Well, this is another version of the medley recipe that I posted earlier, which many readers are more accustomed to. This recipe uses long beans, toasted peanuts, chai poh (preserved turnips) and sliced fishcakes (there were no prawns at home on that day). The peanuts that were used are loose peanuts sold in supermarkets or wet markets and it has to be toasted in a wok / pan (without oil) on low heat till it is slightly browned. Other than that, this is a pretty simple dish to cook and can be eaten as a snack, appetiser or accompaniment to plain porridge (which many Malaysian chinese used to have many many years ago) or steamed white rice.

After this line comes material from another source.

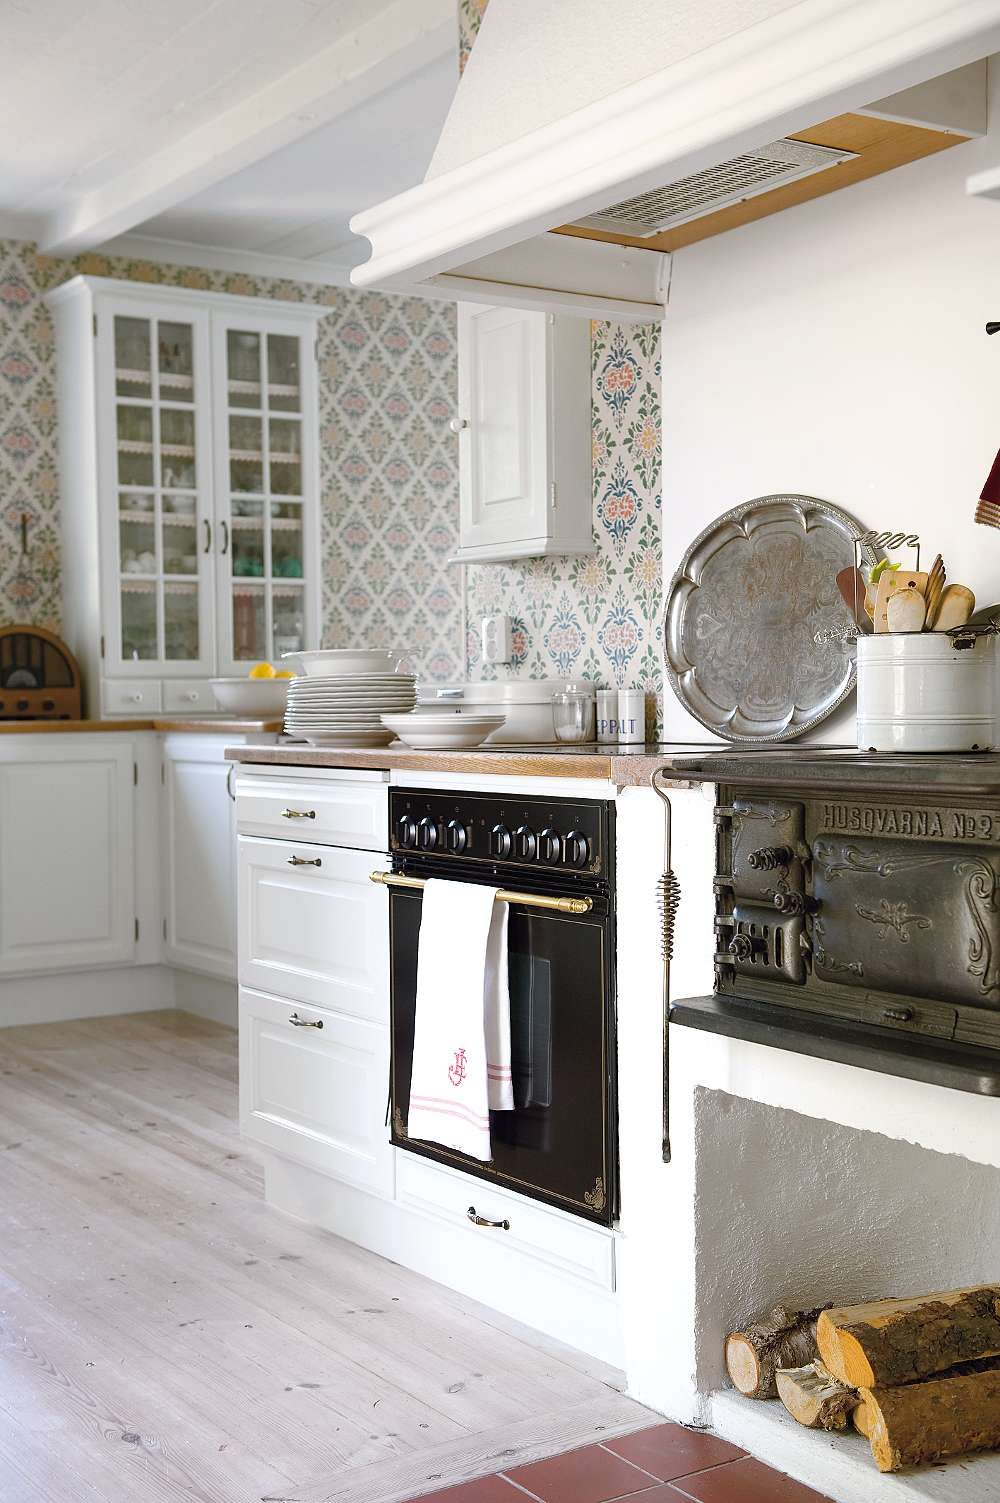 marmorb nkar eller betong p rlspont kakel eller en r timmerv gg inspireras av tio underbara. Black Bedroom Furniture Sets. Home Design Ideas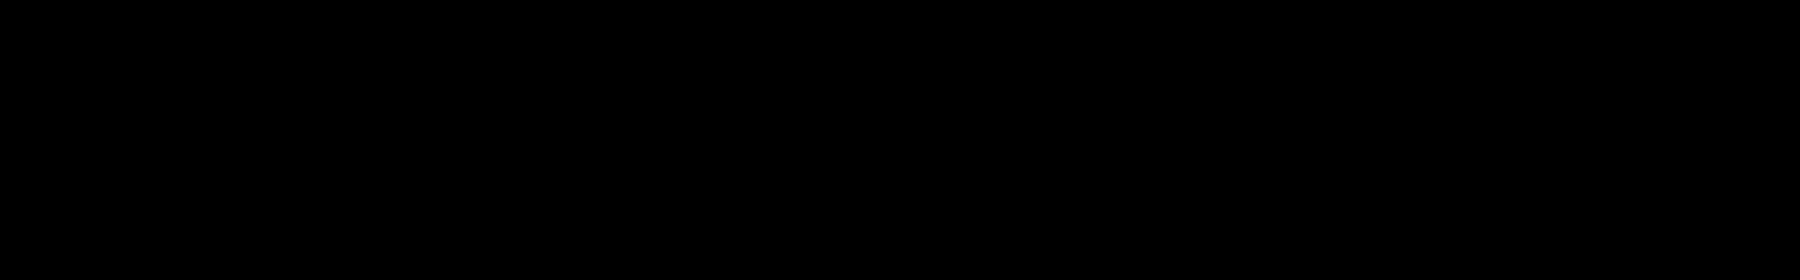 Blvckout Drill 2 audio waveform

This is my mother’s recipe for Long Bean and Peanuts Medley (which is also a named coined by me)
- 1/3 bowl of long beans (cut just like in the picture above)
- 1/4 bowl of preserved turnips / chai poh (use the sweet type and chopped)
- 1/3 bowl of sliced fishcake or shelled prawns (cut into small pieces)
- A handful of toasted peanuts
- 3 cloves garlic (finely chopped)
- Warm water
- 1 tablespoon of palm oil
- A sprinkle of salt
- A dash of white pepper powder
Heat oil in wok and saute garlic together with fishcakes / prawns till they begin to turn colour / brownish. Add chai poh and continue to stir fry very quickly for about 15 seconds.
Add long beans and seasoning and continue to stir fry till long beans are cooked to your desired softness (minimum cooking time 1 minute). Sprinkle warm water during cooking to prevent burning.
Dish out and sprinkle peanuts over the dish prior to serving.